Your task:
From the listing below, copy only the lines from the line that contains "Riccardo Pasquarella &" to the line that contains "Диплом сувенирный Эврика", counting those two lines as part of the copy.

Records:
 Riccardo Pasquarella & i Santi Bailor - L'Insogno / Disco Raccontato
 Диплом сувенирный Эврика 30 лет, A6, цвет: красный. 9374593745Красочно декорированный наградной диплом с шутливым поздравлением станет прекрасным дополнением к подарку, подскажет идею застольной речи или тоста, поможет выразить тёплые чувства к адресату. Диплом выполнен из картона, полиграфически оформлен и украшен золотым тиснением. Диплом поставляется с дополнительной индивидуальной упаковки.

==

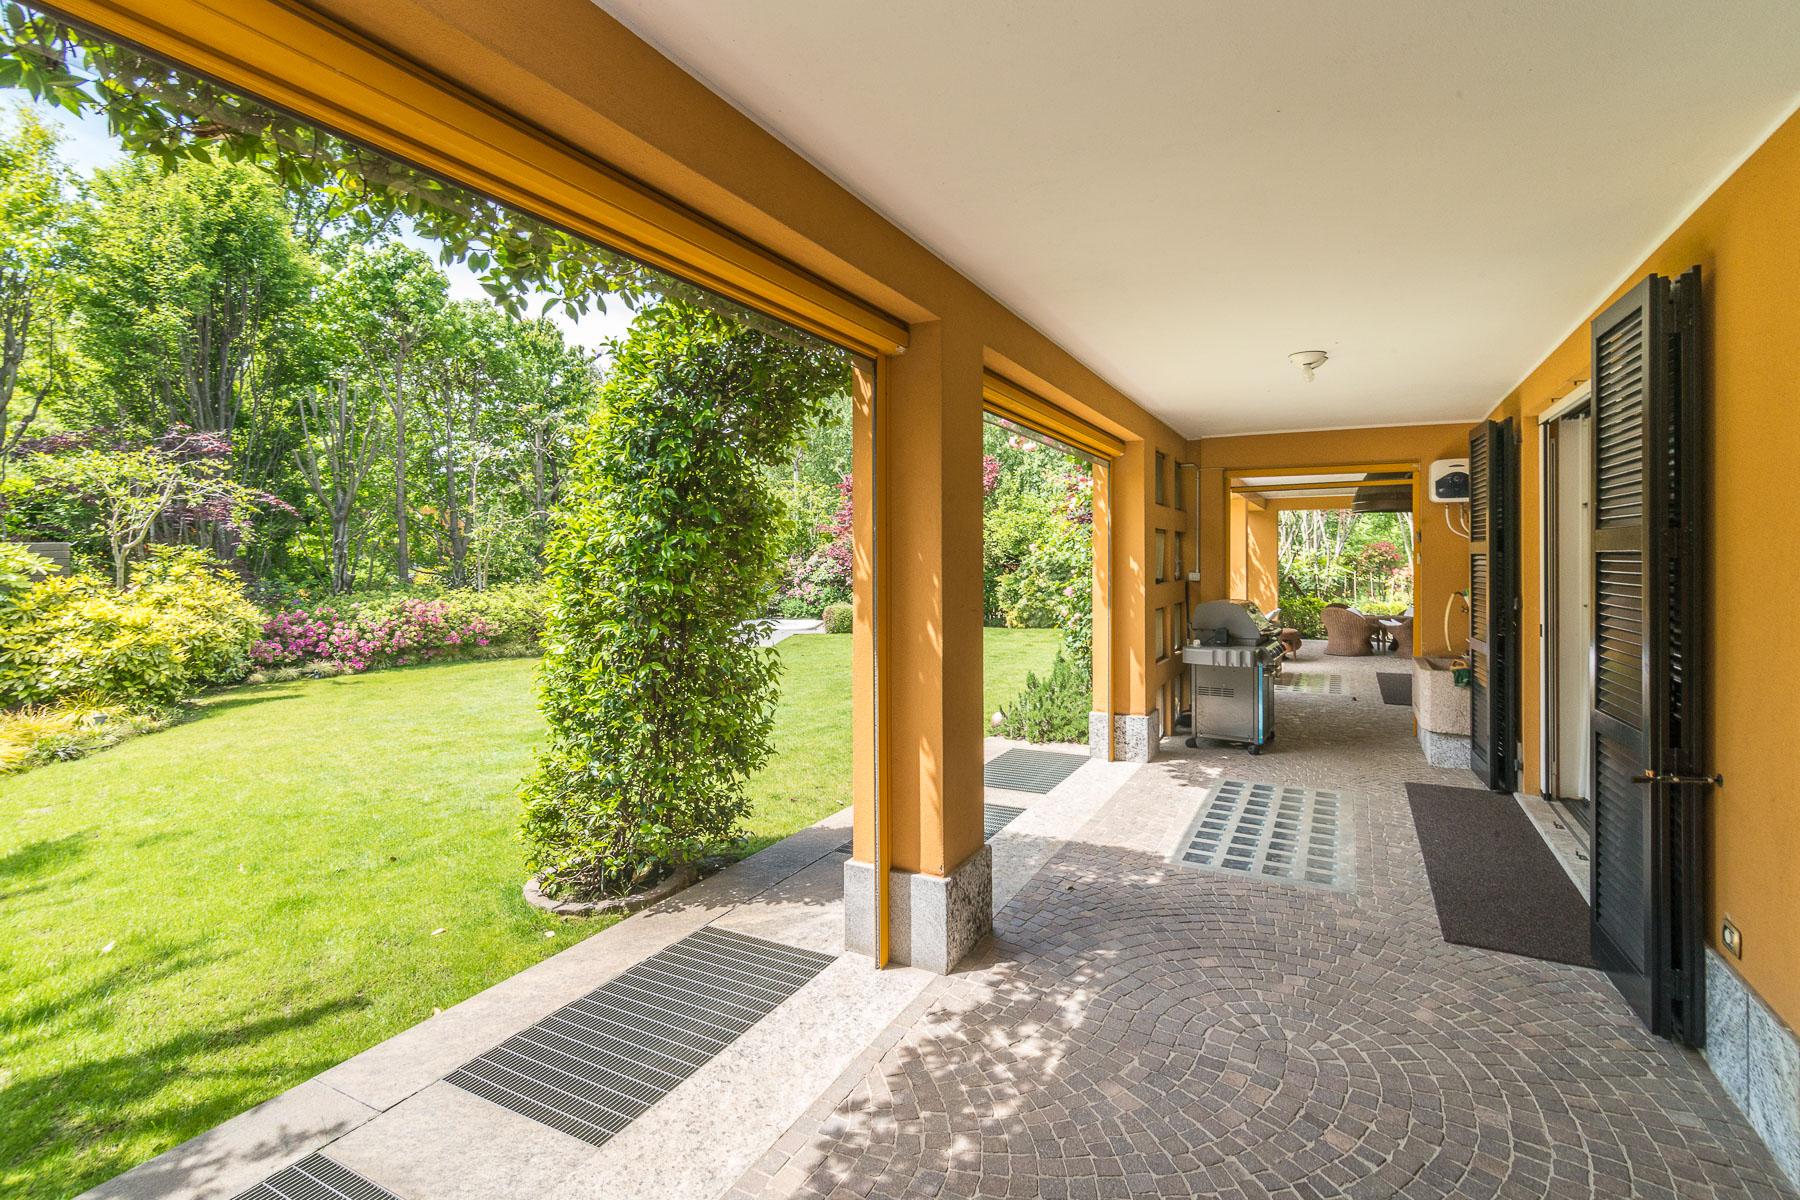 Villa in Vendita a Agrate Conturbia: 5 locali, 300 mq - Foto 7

Task result:
 Riccardo Pasquarella & i Santi Bailor - L'Insogno / Disco Raccontato
 Диплом сувенирный Эврика 30 лет, A6, цвет: красный. 9374593745Красочно декорированный наградной диплом с шутливым поздравлением станет прекрасным дополнением к подарку, подскажет идею застольной речи или тоста, поможет выразить тёплые чувства к адресату. Диплом выполнен из картона, полиграфически оформлен и украшен золотым тиснением. Диплом поставляется с дополнительной индивидуальной упаковки.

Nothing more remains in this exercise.